ASSIGNMENT: Only the pictures are to be left out; please reproduce everything else in the data exactly.

GIVEN INFORMATION:
________________________________________

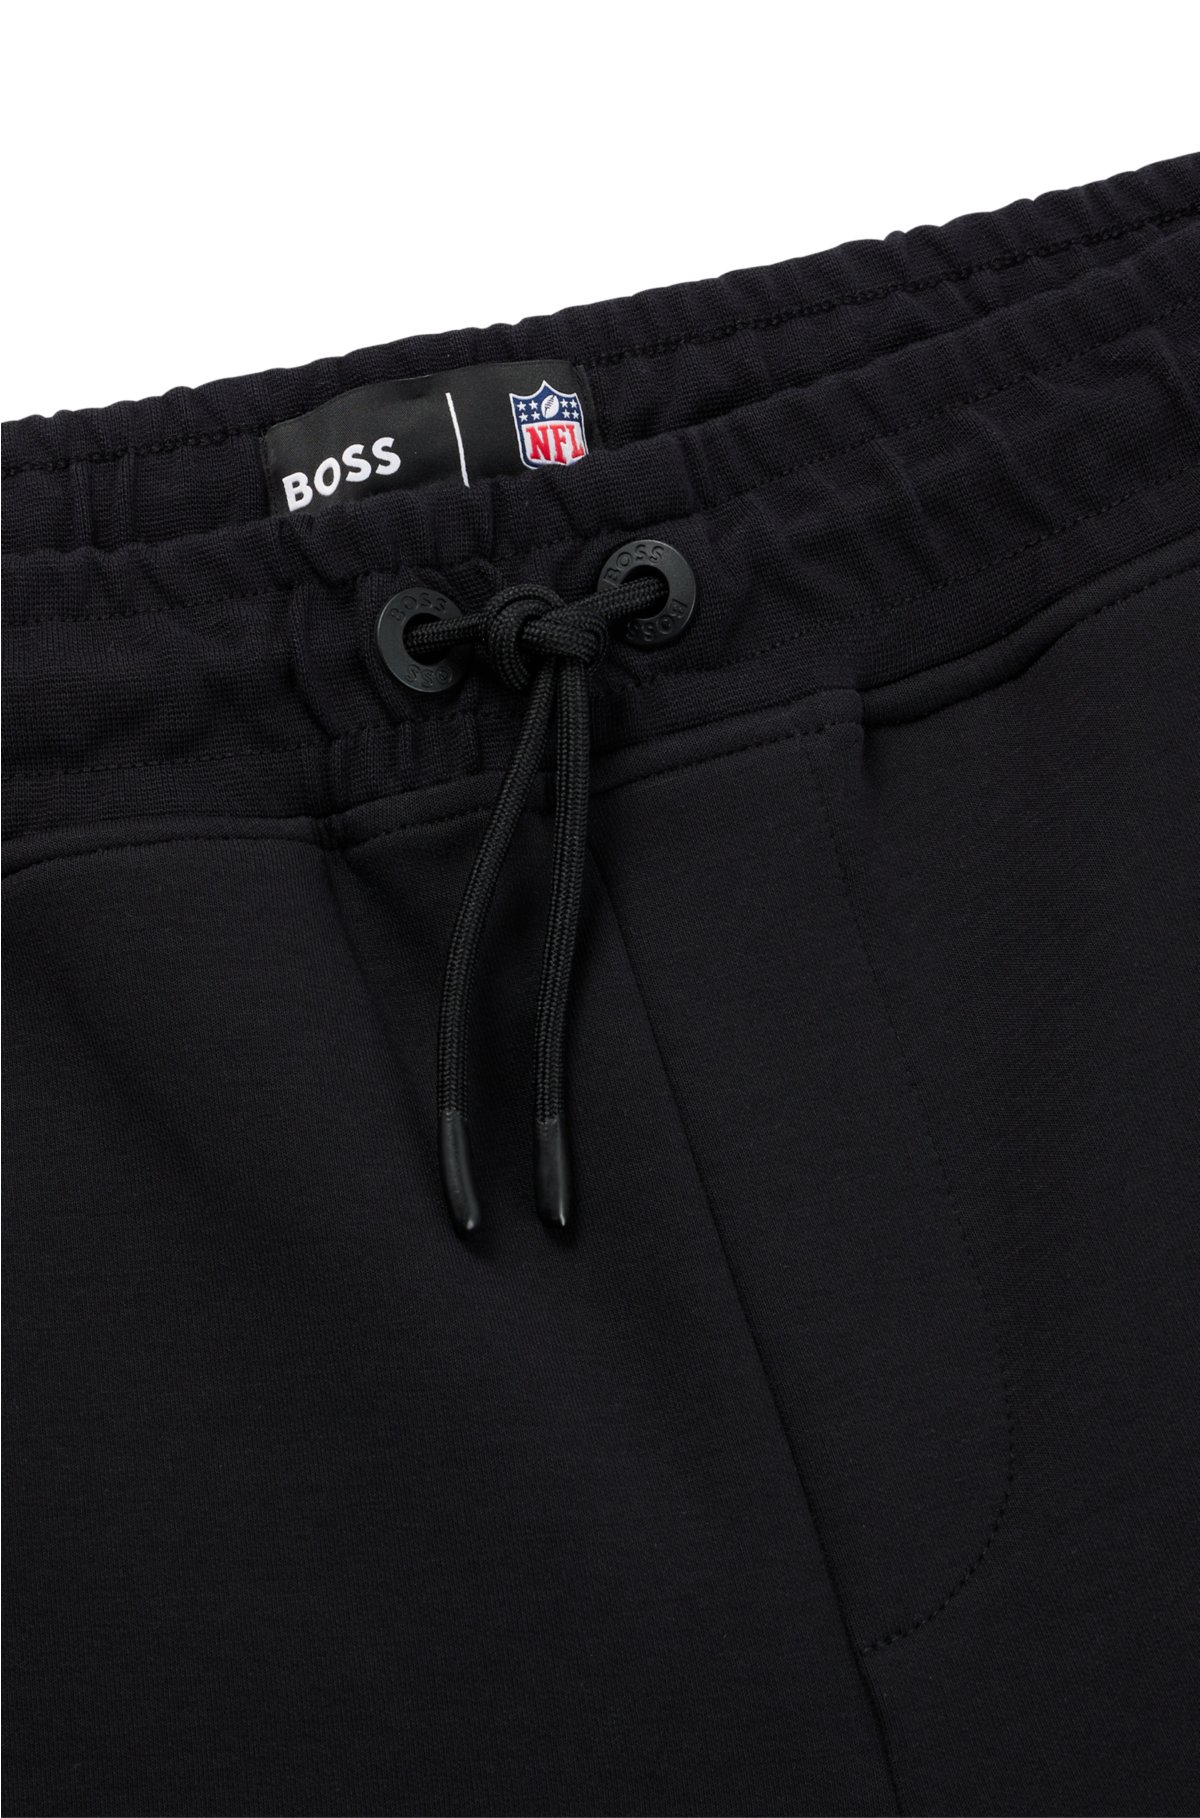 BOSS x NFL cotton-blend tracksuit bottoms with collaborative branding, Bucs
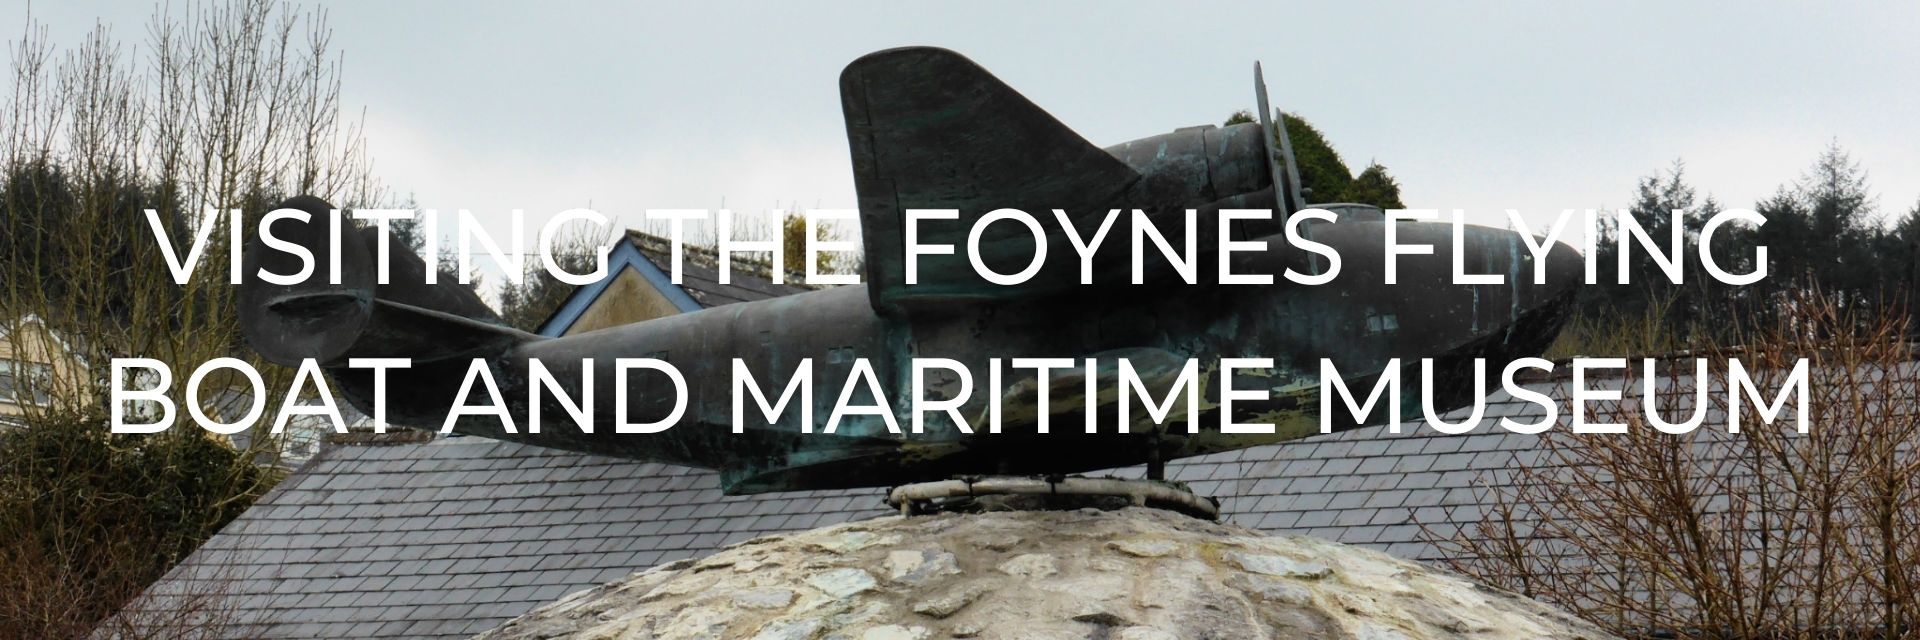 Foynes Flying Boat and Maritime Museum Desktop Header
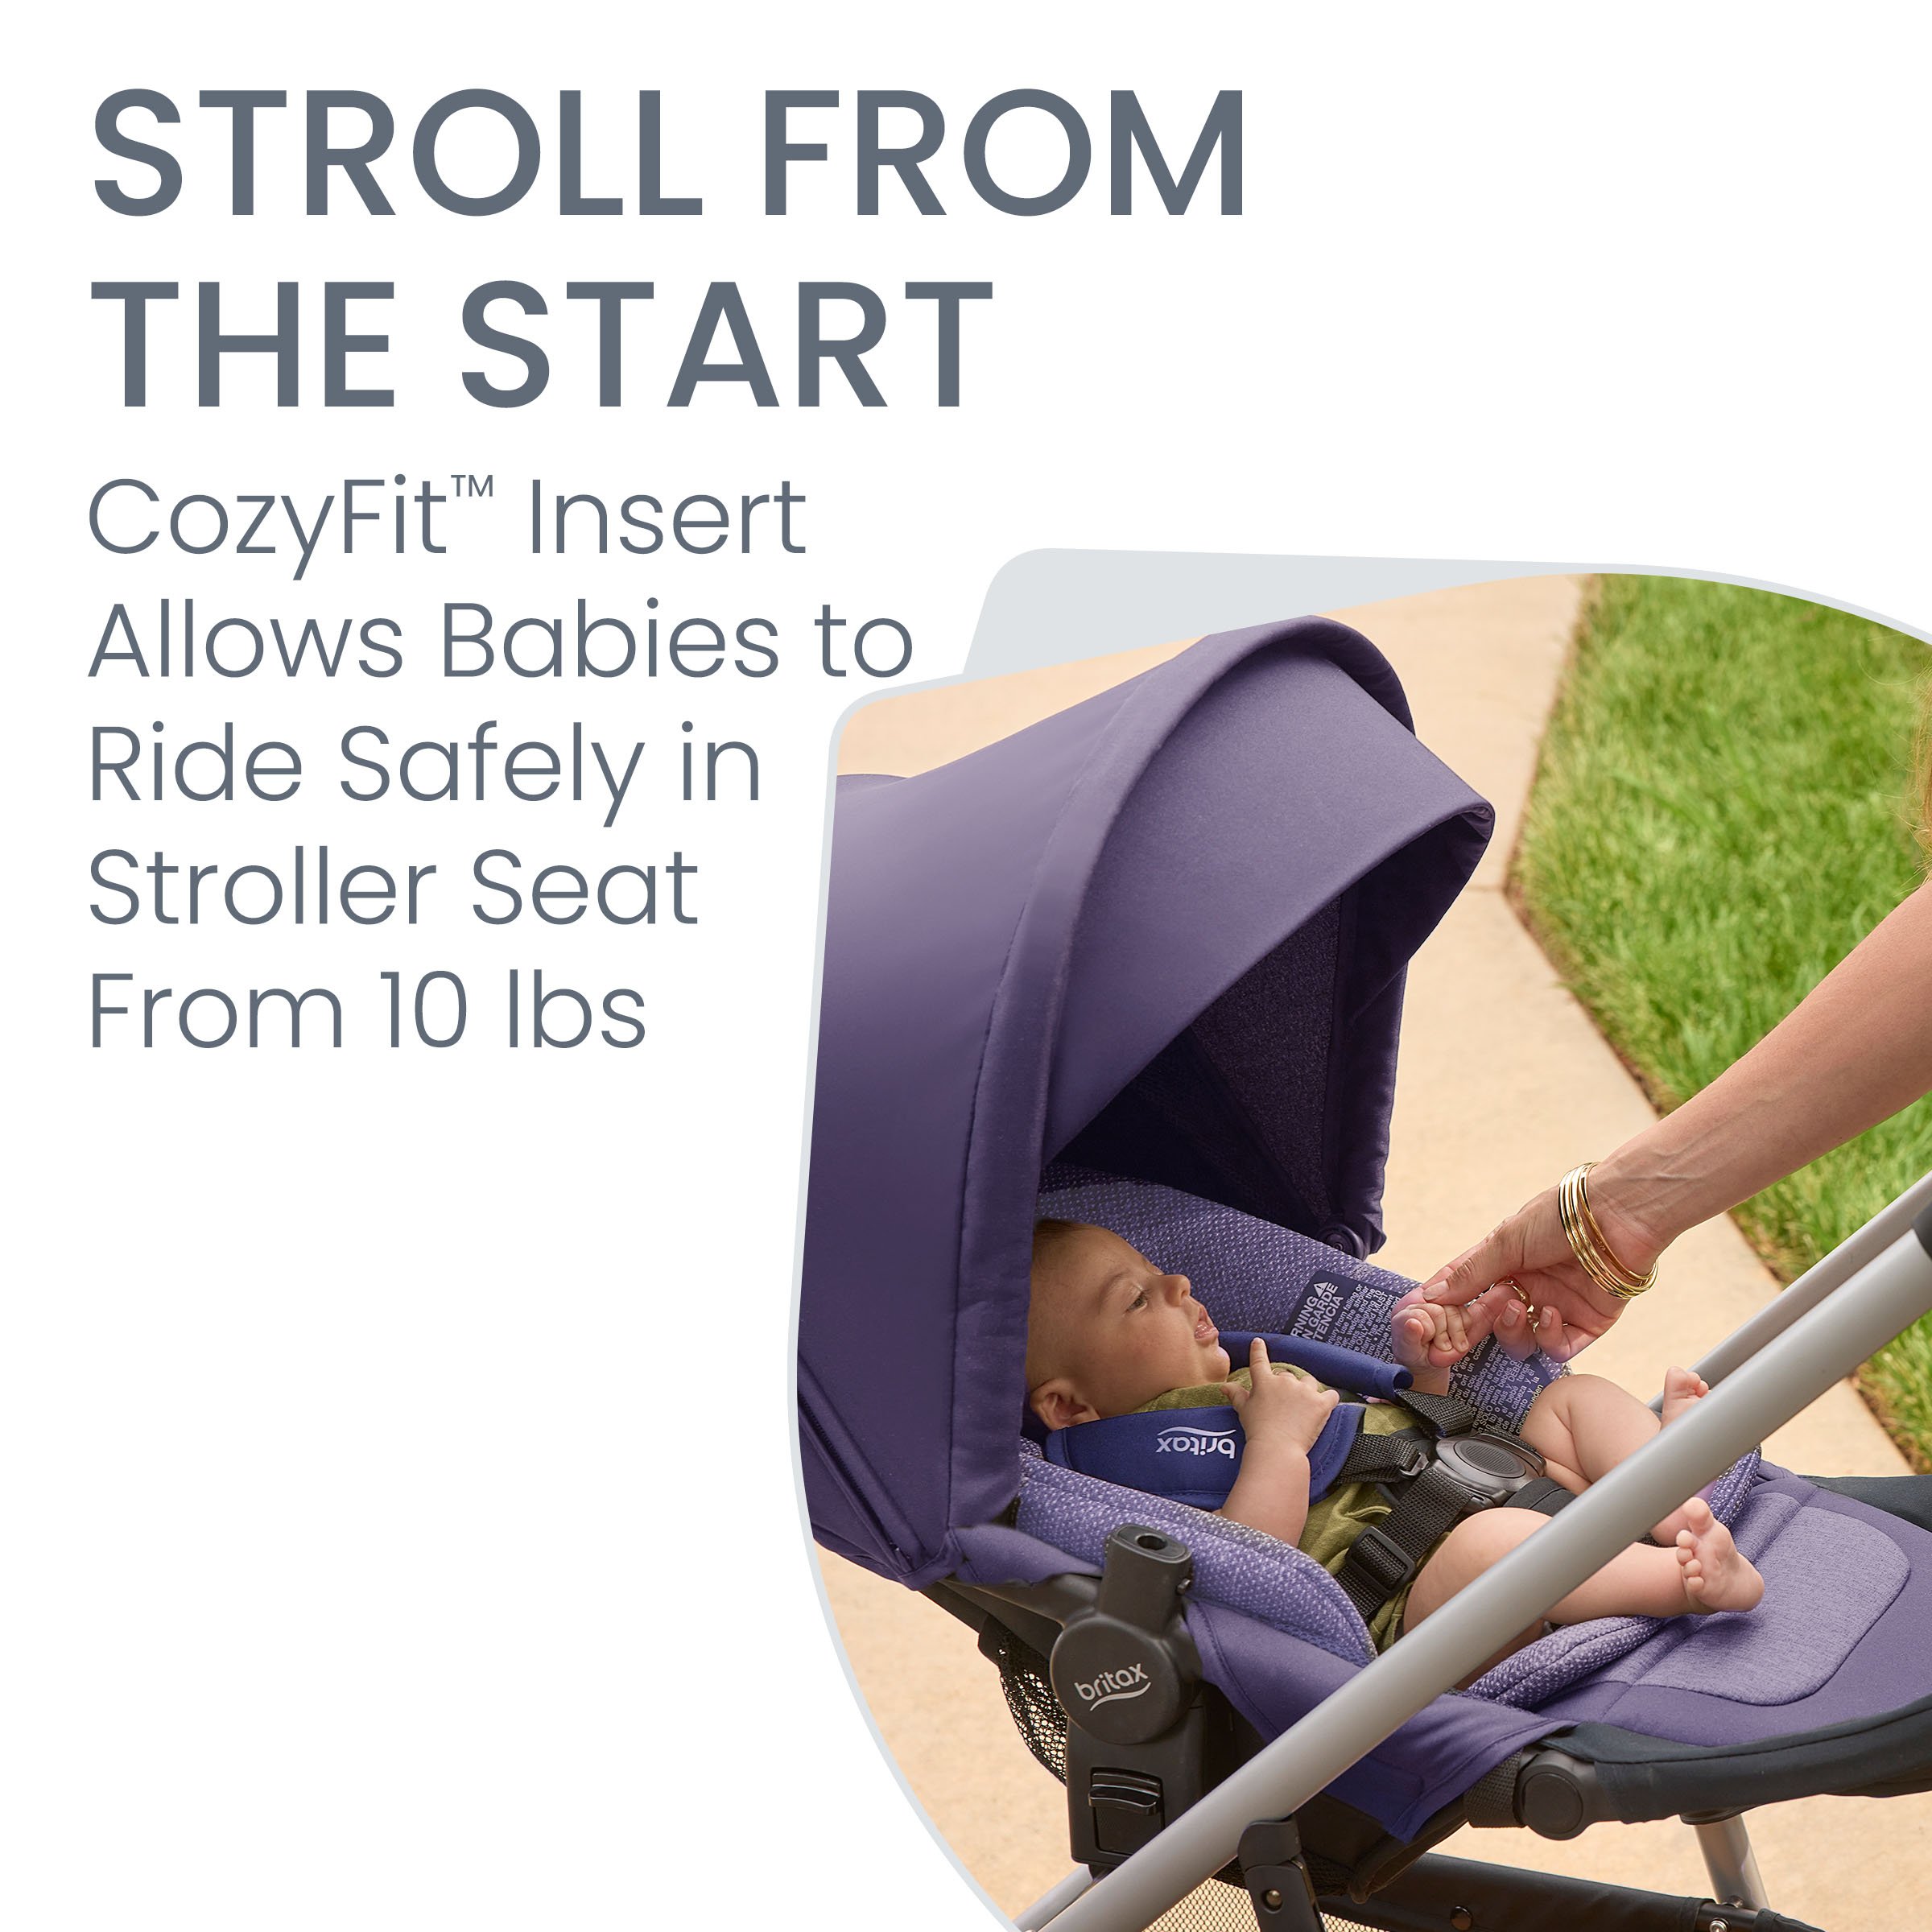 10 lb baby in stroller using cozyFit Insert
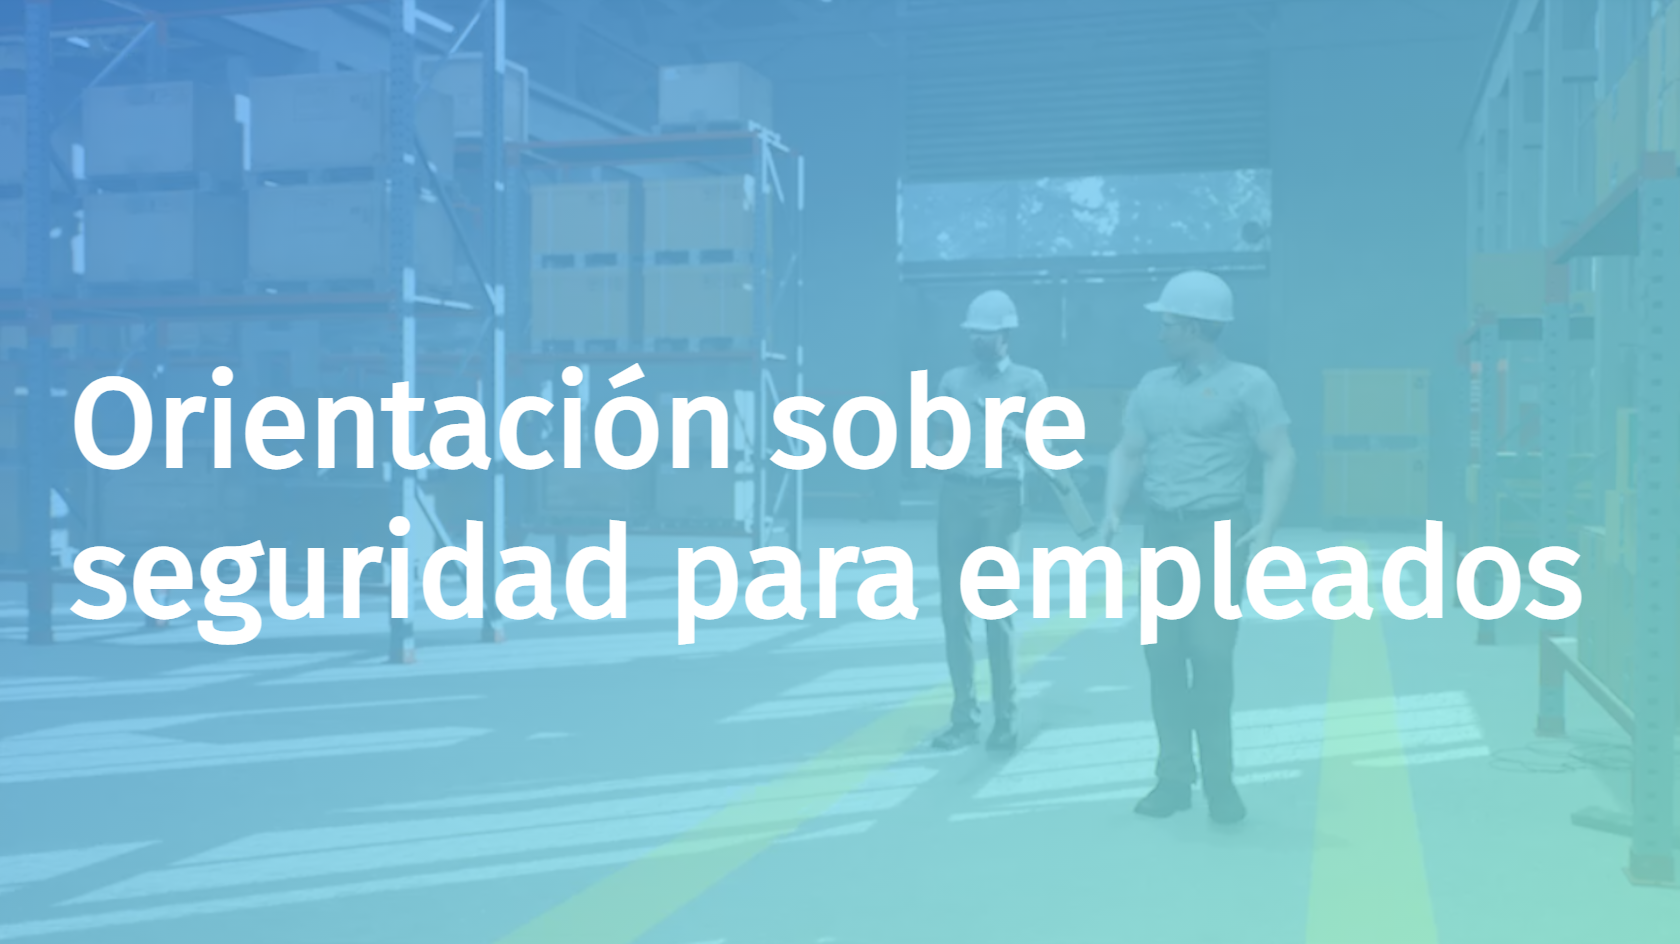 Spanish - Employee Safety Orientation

________________________________________

ANSWER SECTION:
 BOSS x NFL cotton-blend tracksuit bottoms with collaborative branding, Bucs
 Foynes Flying Boat and Maritime Museum Desktop Header
 10 lb baby in stroller using cozyFit Insert
 Spanish - Employee Safety Orientation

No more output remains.